Eclipse of the Sun
- First edition
- Author: Phil Whitaker
- Cover artist: Christopher Corr
- Language: English
- Publisher: Phoenix Books
- Publication date: 11 Aug 1997
- Publication place: United Kingdom
- Media type: Print
- Pages: 264
- ISBN: 1-86159-083-0

= Eclipse of the Sun (novel) =

1997 debut novel by Phil Whitaker

Eclipse of the Sun is the debut novel by English author Phil Whitaker. It won the John Llewellyn Rhys Prize in 1997, a Betty Trask Award in 1998, and was shortlisted for the 1997 Whitbread First Novel Award.

== Plot Introduction ==
Set in a small Indian town in 1995 where Rajesh Deshpande, an insecure, isolated science teacher is smitten by the new English tutor, but struggles to find a way to meet her. Then he learns about the forthcoming solar eclipse which appears to provide the ideal opportunity to impress her. Meanwhile, his faithful but superstitious wife Sumila determines to restore his love for her with the help of the Hindu gods and under the counsel of her overbearing mother.

==Reception==
Mary Loudon writing in The Times states that despite never having been to India, the author "has managed with exquisite sensitivity to capture the feel and the tone of the country." Loudon does criticize the novels 'lack of pace and colour', explaining that "To set up a debate about science versus religion in contemporary India is a great idea, but the execution of it is a little slow and a little dry, and to my mind the novel is too long." But she concludes "Nevertheless, Whitaker is a thoughtful and imaginative writer, who bends to his subject and characters with rare humility and commitment. He is yet to find a confident authorial voice and a strong identifying style, but with time he may well do so".

James Simmons in The Spectator has no such reservations and calls the novel 'a little masterpiece', writing "Because of its familiar subject and the naiveté of the characters one might be inclined to put this book aside after the first chapter, but it is well worth persevering with because Whitaker is so genuinely inventive. The characters are always surprising you and contributing something subtle and interesting to the theme. Perhaps economy is the key to Whitaker's brilliance. Nothing is overdone."
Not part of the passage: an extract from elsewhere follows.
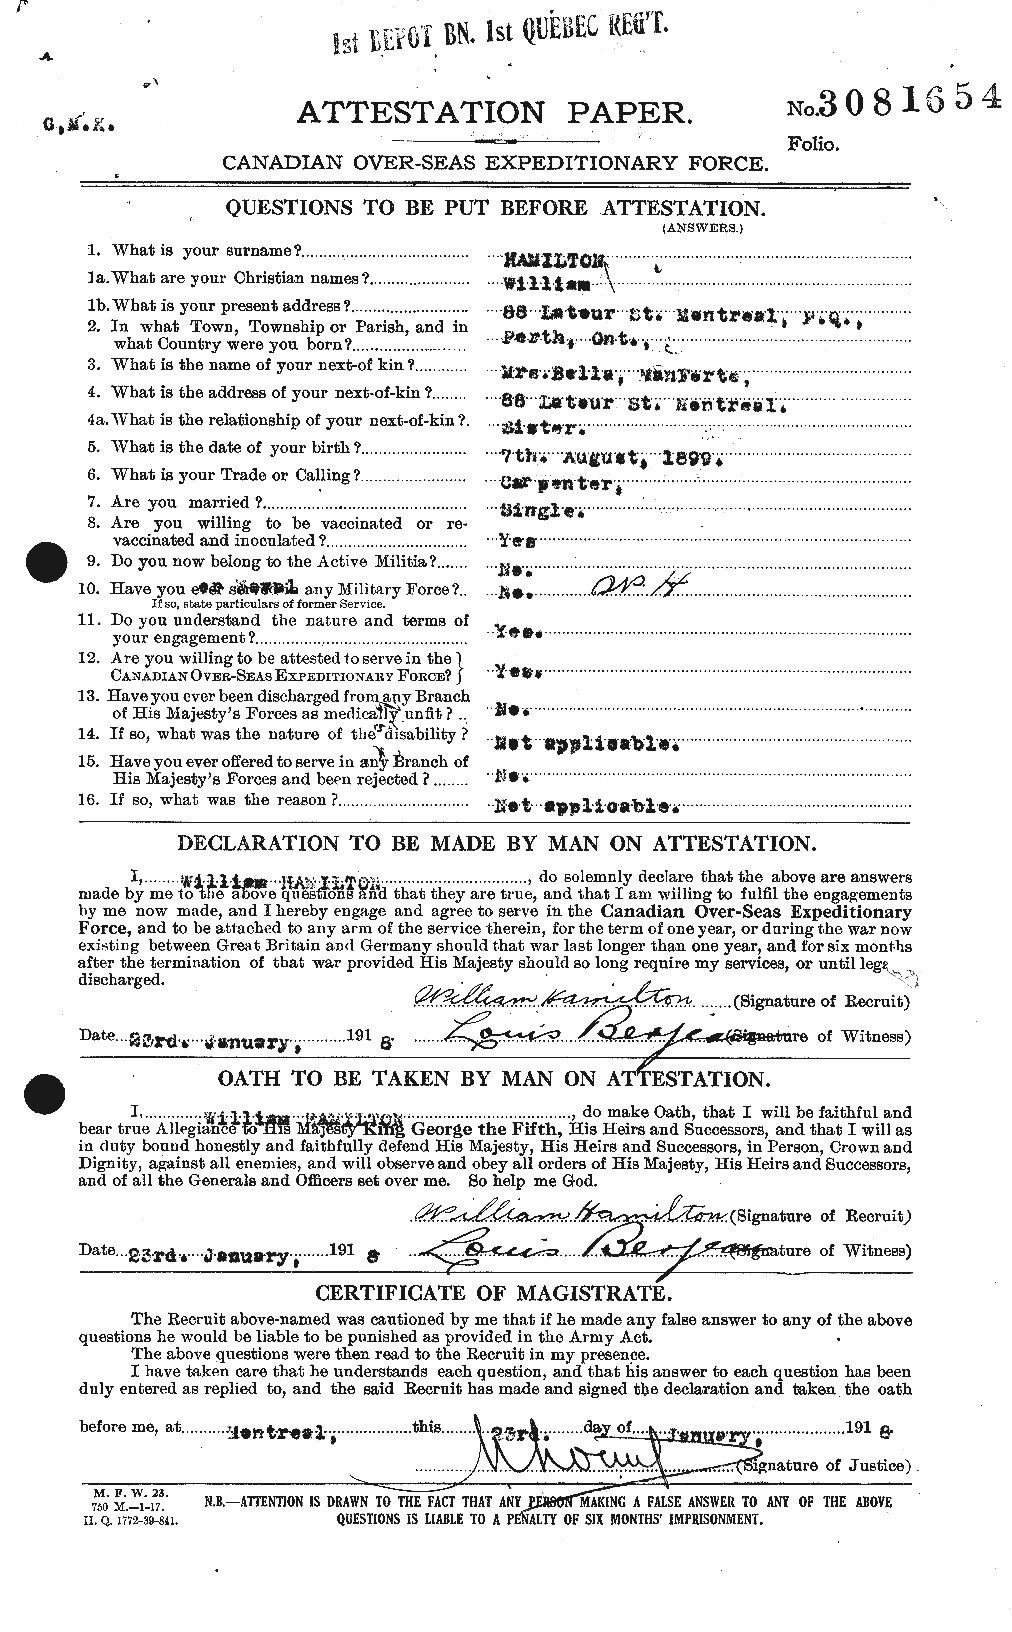 Personnel Records of the First World War - CEF 374841a

Trevor Lewis in The Sunday Times is also positive, "It is a pleasant surprise to find an English writer who deftly evokes both the peculiar flavours of modern Indian life and the rhythms of subcontinental literature as a whole. Whitaker's novel plays off the themes of rationalism and spirituality, sculpting them into a leisurely comedy" and concludes "A generously humoured, genuinely humane account of infatuation and heartbreak".